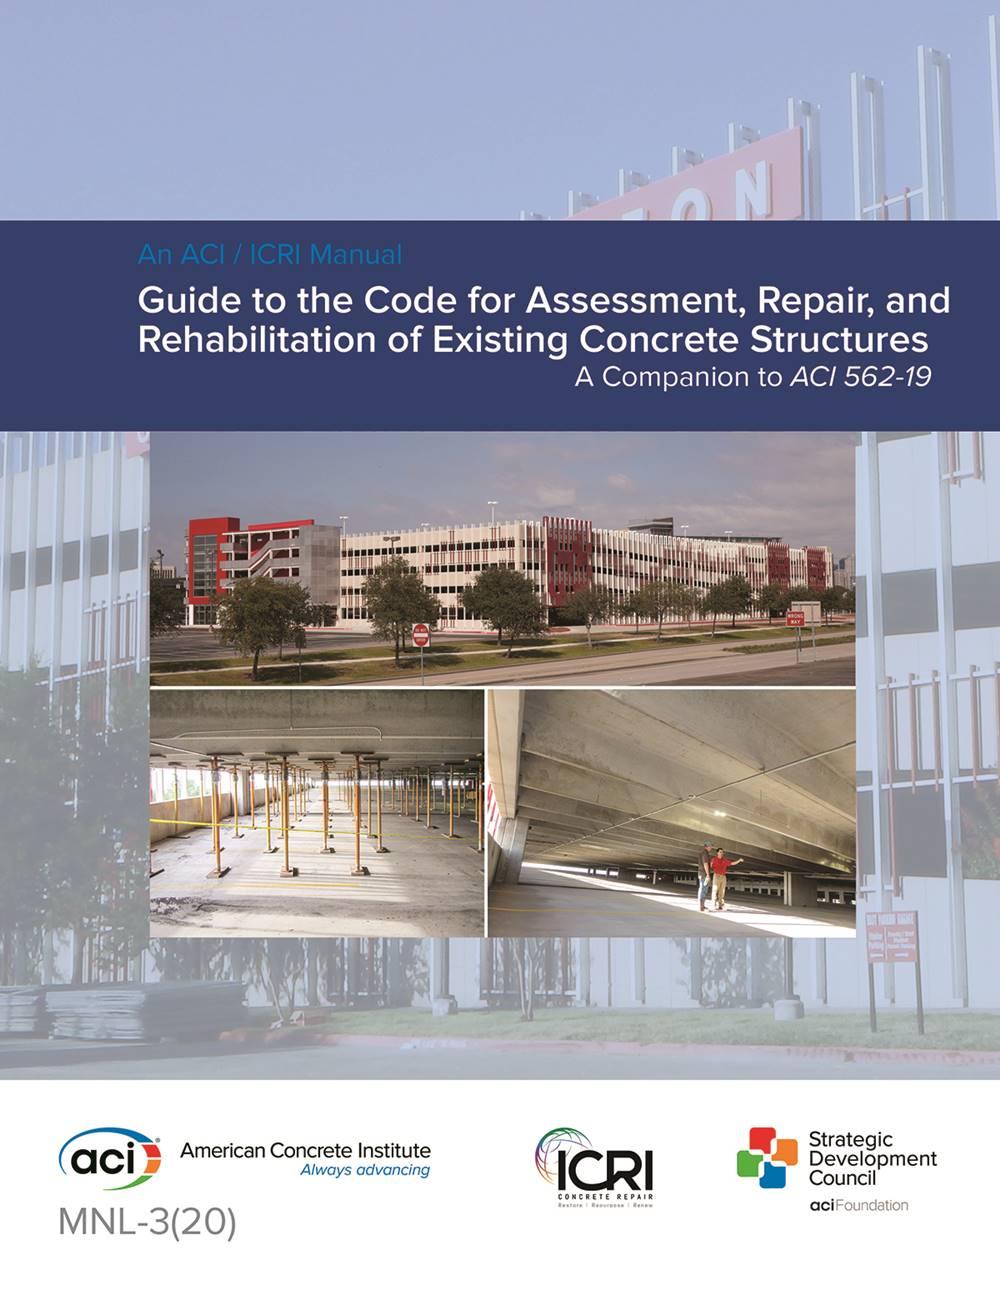 ACI and ICRI Publish New Guide
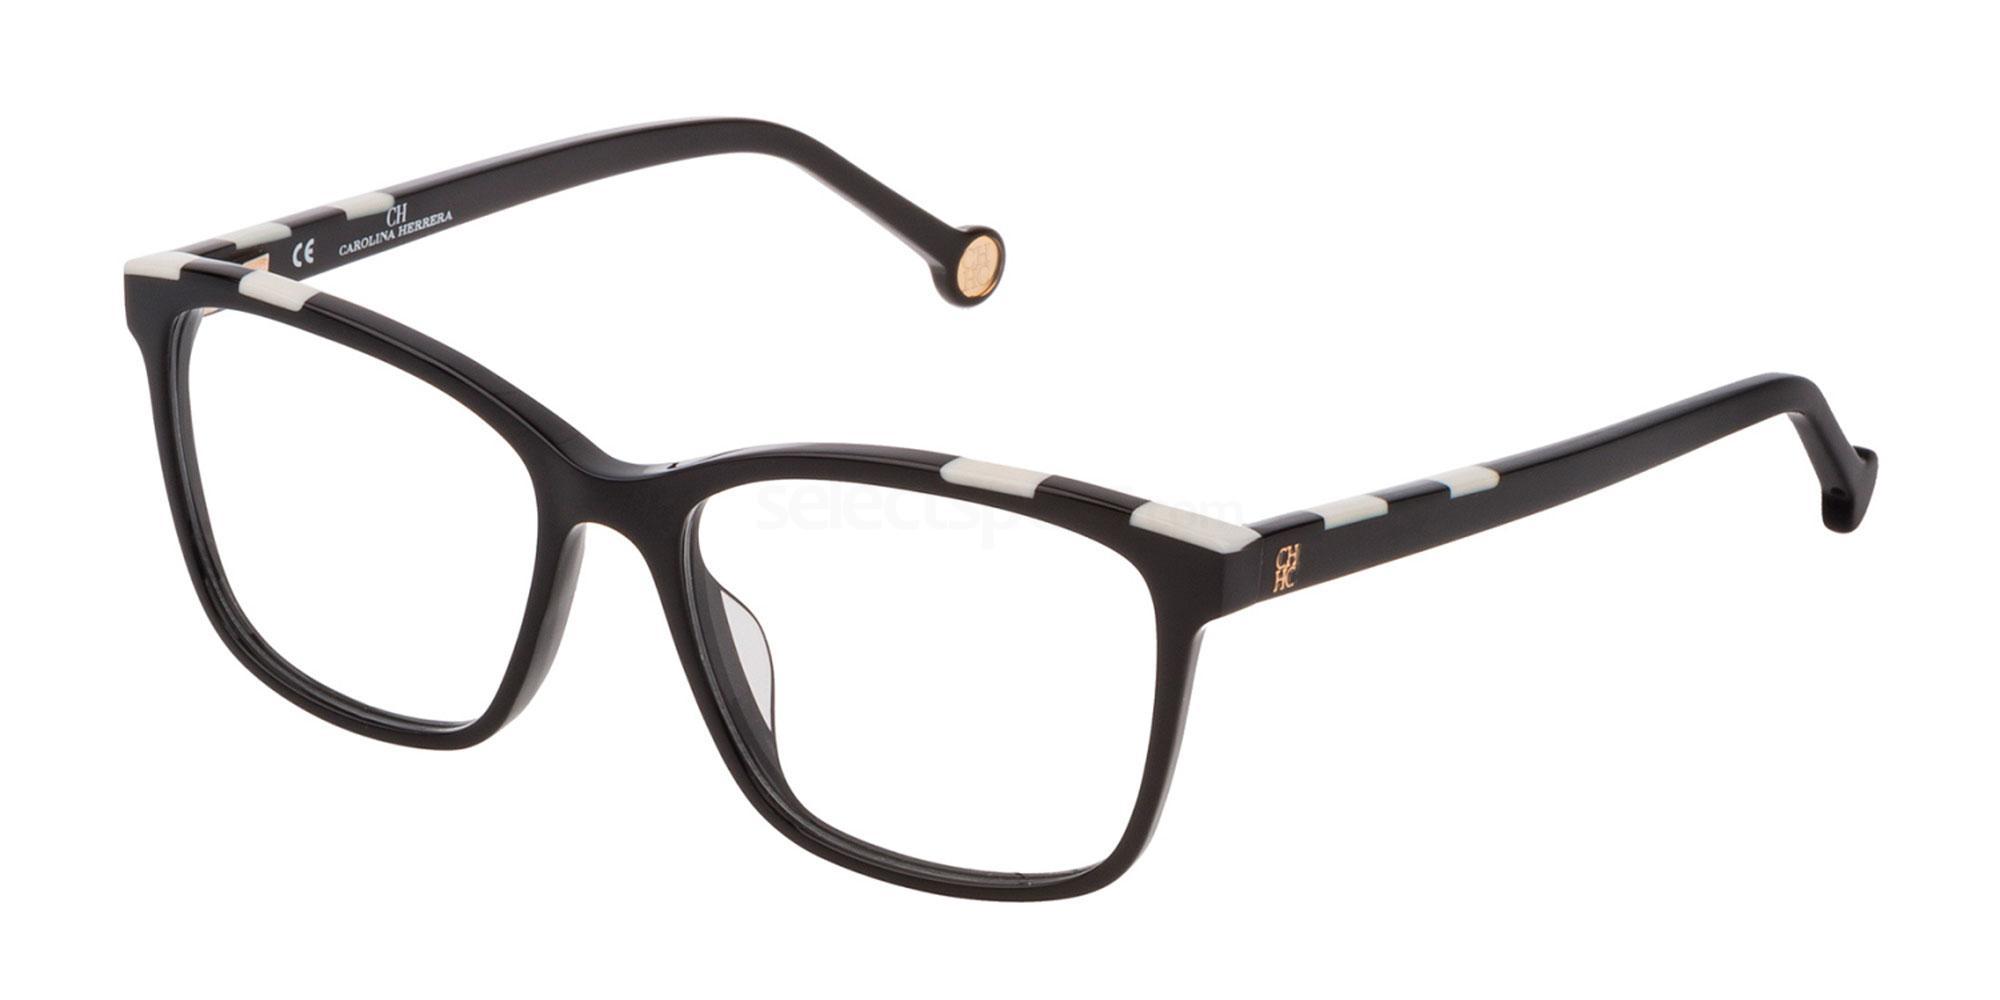 0700 VHE803 Glasses, CH Carolina Herrera
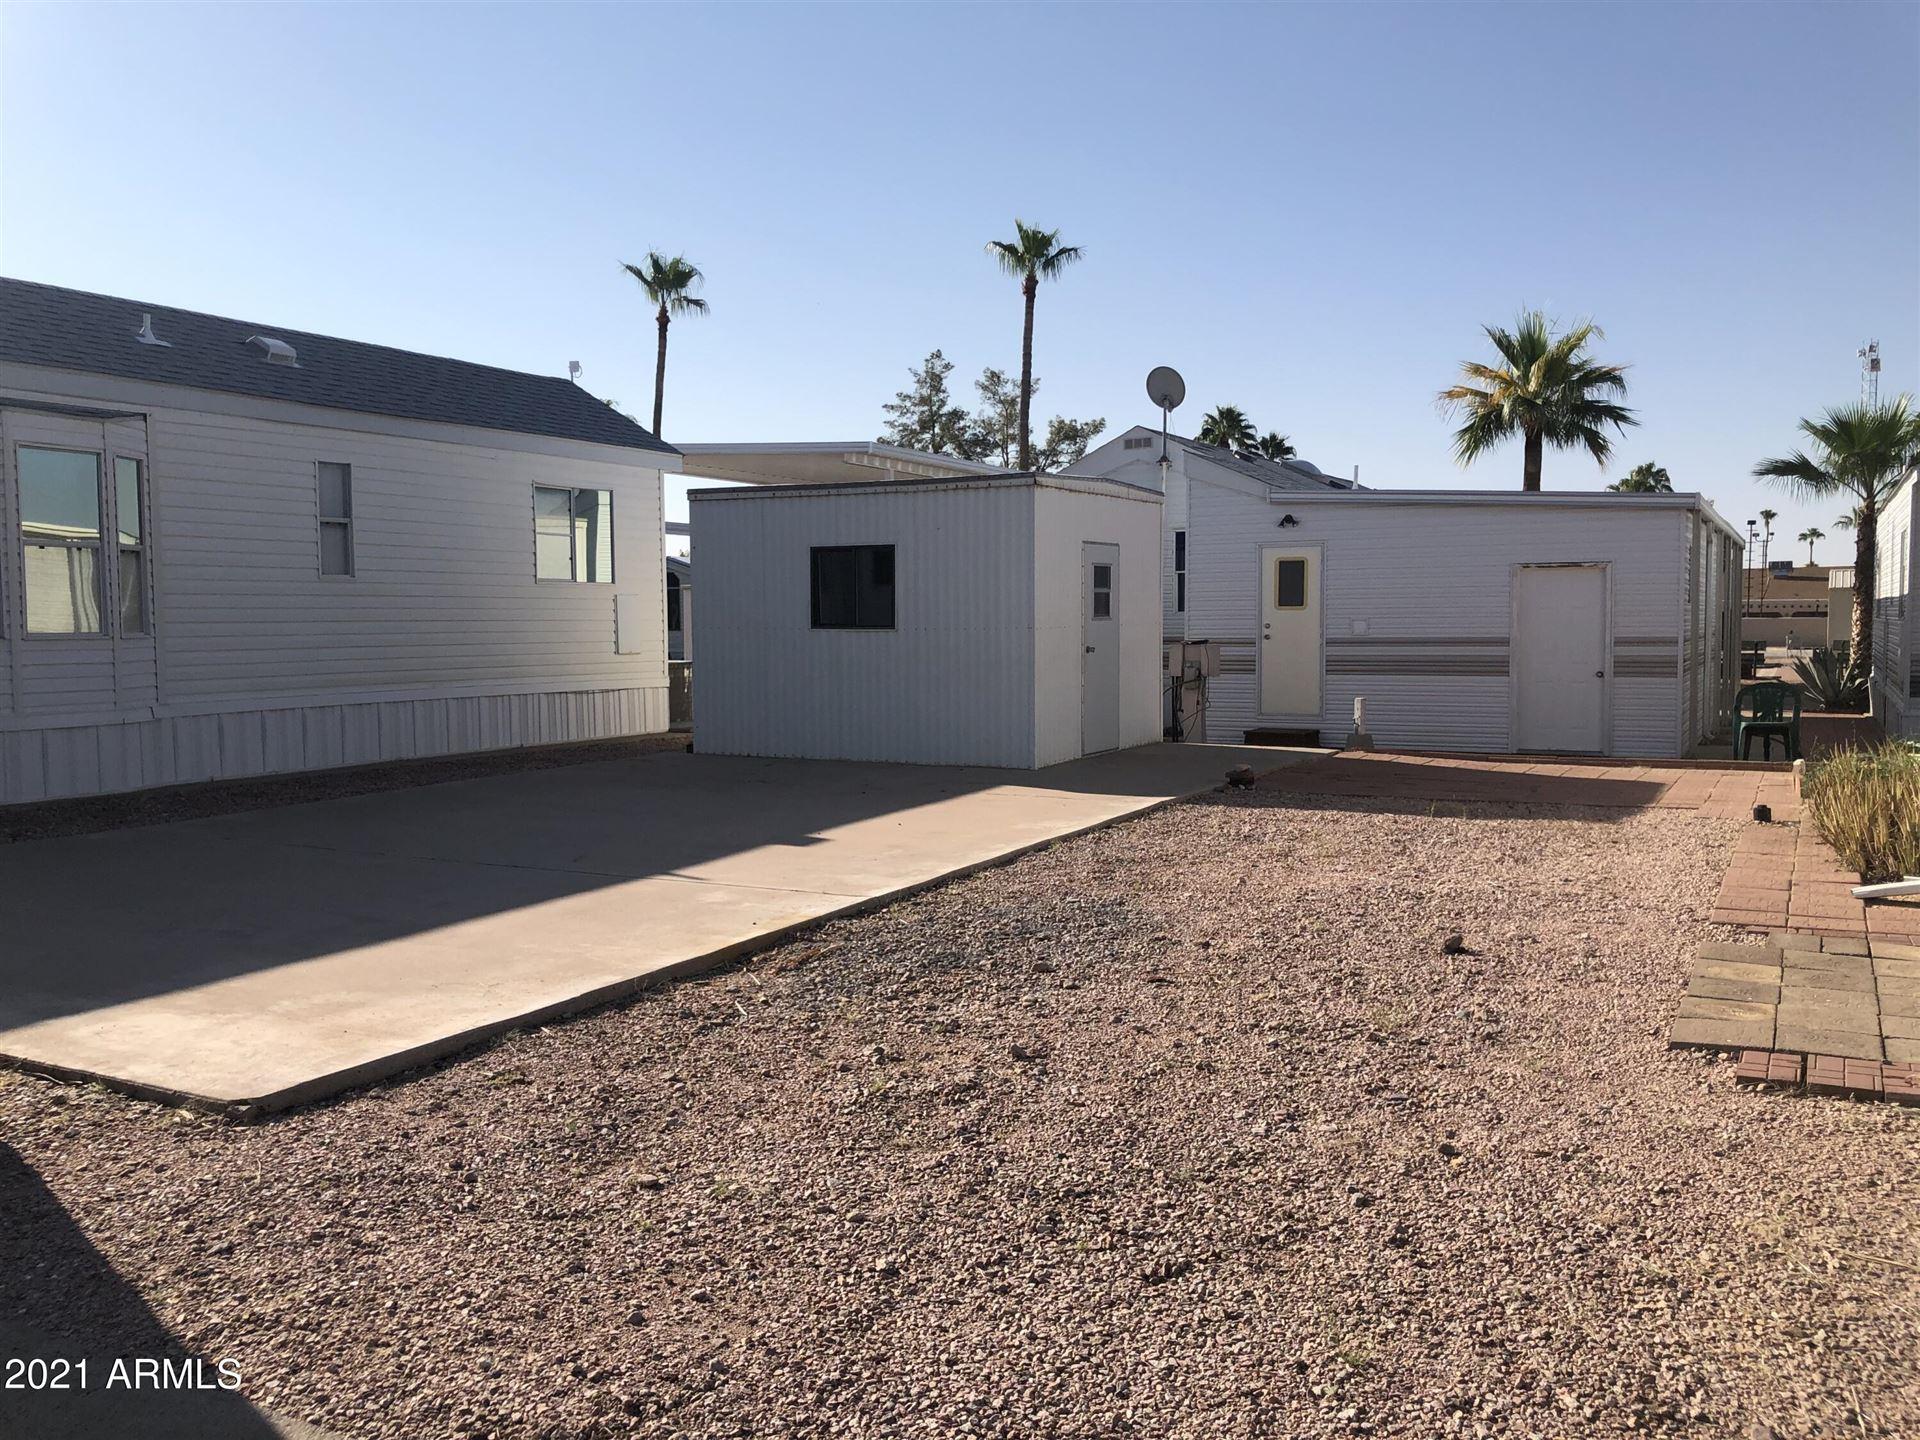 Photo of 319 S EMERALD Drive, Apache Junction, AZ 85120 (MLS # 6292832)
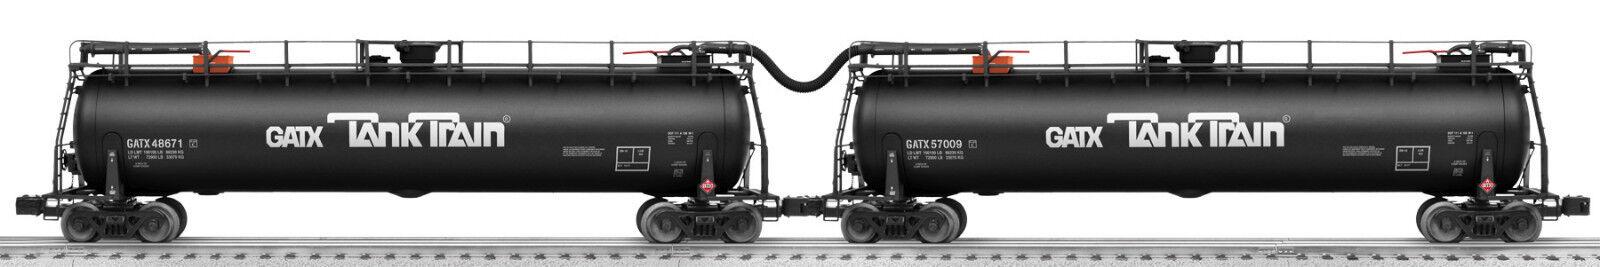 Tren Lionel 6-29774 GATX Tanque coche intermedio o escala 2-CAR Pack Conjunto de petróleo
------
§ **Task instructions**: Starting with the line that holds "Photo of 319", reproduce exactly each line up to and including the last line of the material above, and drop the pictures.

§ **Answer for the task**:
 Photo of 319 S EMERALD Drive, Apache Junction, AZ 85120 (MLS # 6292832)
 Tren Lionel 6-29774 GATX Tanque coche intermedio o escala 2-CAR Pack Conjunto de petróleo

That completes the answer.